A solid‐state <sup>23</sup>Na NMR study of monovalent cation binding to double‐stranded DNA at low relative humidity
Bibliographic record
Abstract
We report a solid-state (23)Na NMR study of monovalent cation (Li(+), Na(+), K(+), Rb(+), Cs(+) and NH(4) (+)) binding to double-stranded calf thymus DNA (CT DNA) at low relative humidity, ca 0-10%. Results from (23)Na--(31)P rotational echo double resonance (REDOR) NMR experiments firmly establish that, at low relative humidity, monovalent cations are directly bound to the phosphate group of CT DNA and are partially dehydrated. On the basis of solid-state (23)Na NMR titration experiments, we obtain quantitative thermodynamic parameters concerning the cation-binding affinity for the phosphate group of CT DNA. The free energy difference (DeltaG degrees ) between M(+) and Na(+) ions is as follows: Li(+) (-1.0 kcal mol(-1)), K(+) (7.2 kcal mol(-1)), NH(4) (+) (1.0 kcal mol(-1)), Rb(+) (4.5 kcal mol(-1)) and Cs(+) (1.5 kcal mol(-1)).
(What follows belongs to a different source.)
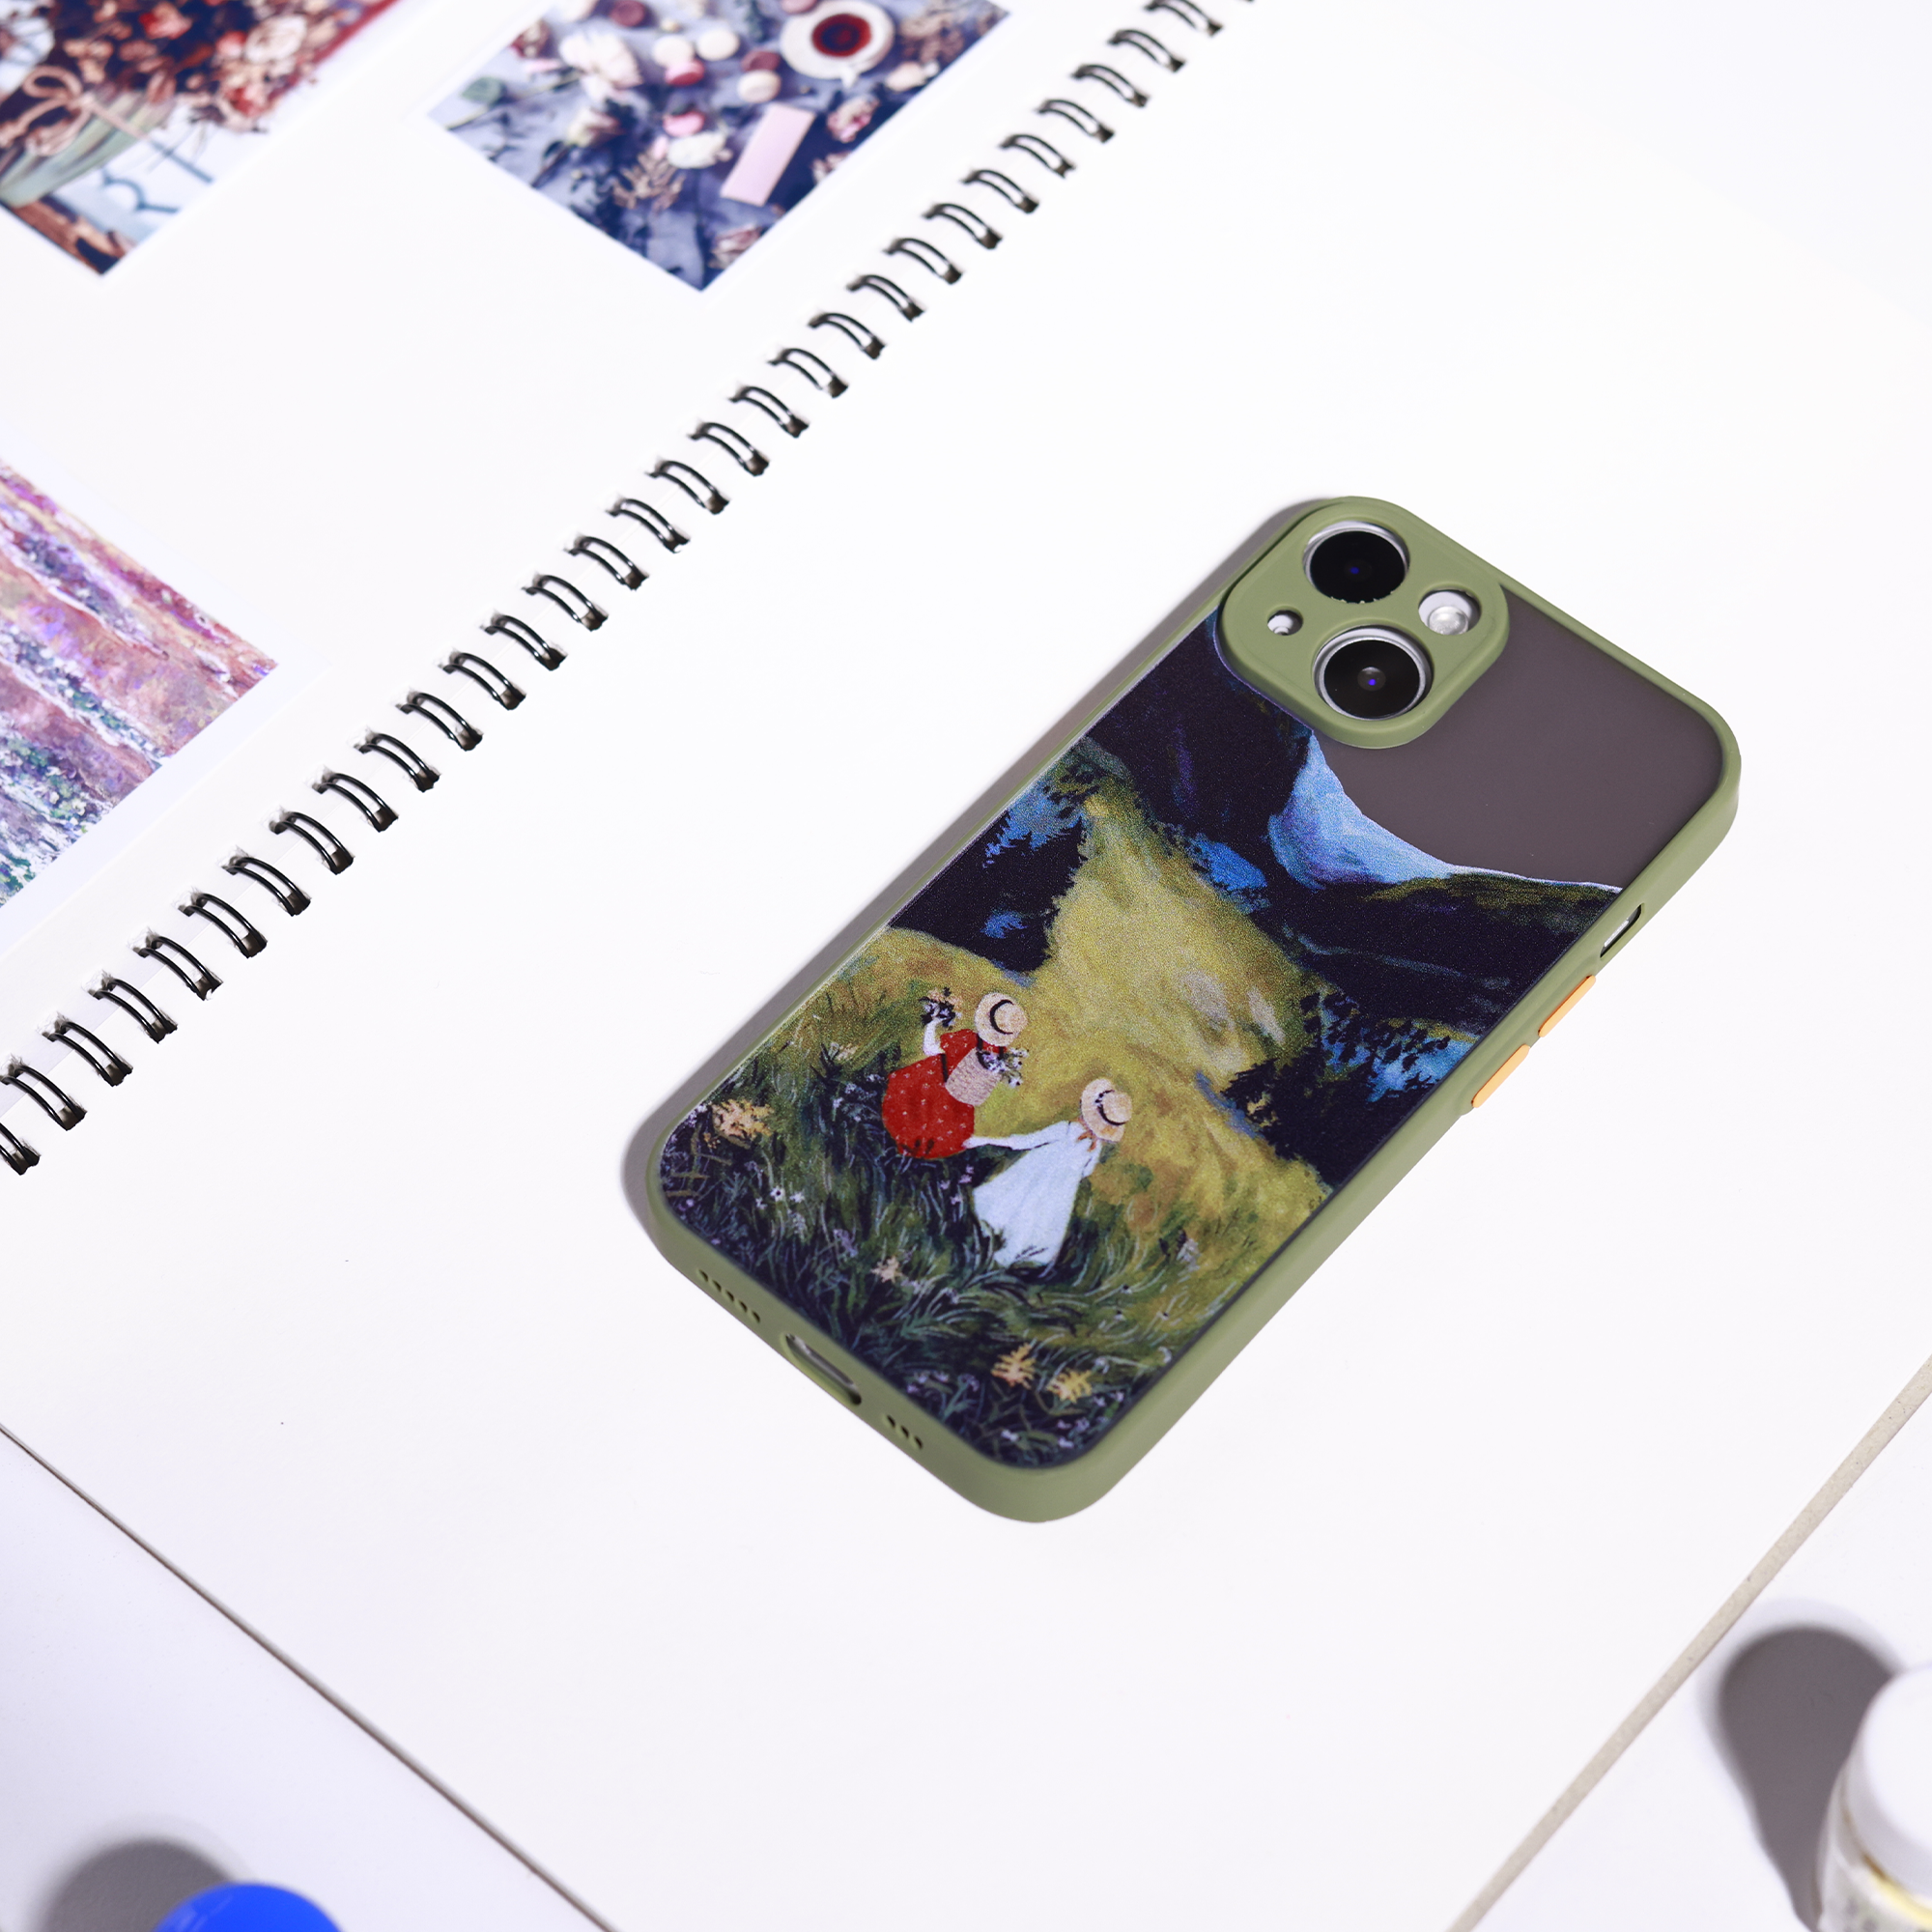 The Great Wave iPhone Case

These results suggest that, at low relative humidity, the binding affinity of monovalent cations for the phosphate group of CT DNA follows the order: Li(+) > Na(+) > NH(4) (+) > Cs(+) > Rb(+) > K(+). This sequence is drastically different from that observed for CT DNA in solution. This discrepancy is attributed to the different modes of cation binding in dry and wet states of DNA. In the wet state of DNA, cations are fully hydrated. Our results suggest that the free energy balance between direct cation-phosphate contact and dehydration interactions is important. The reported experimental results on relative ion-binding affinity for the DNA backbone may be used for testing theoretical treatment of cation-phosphate interactions in DNA.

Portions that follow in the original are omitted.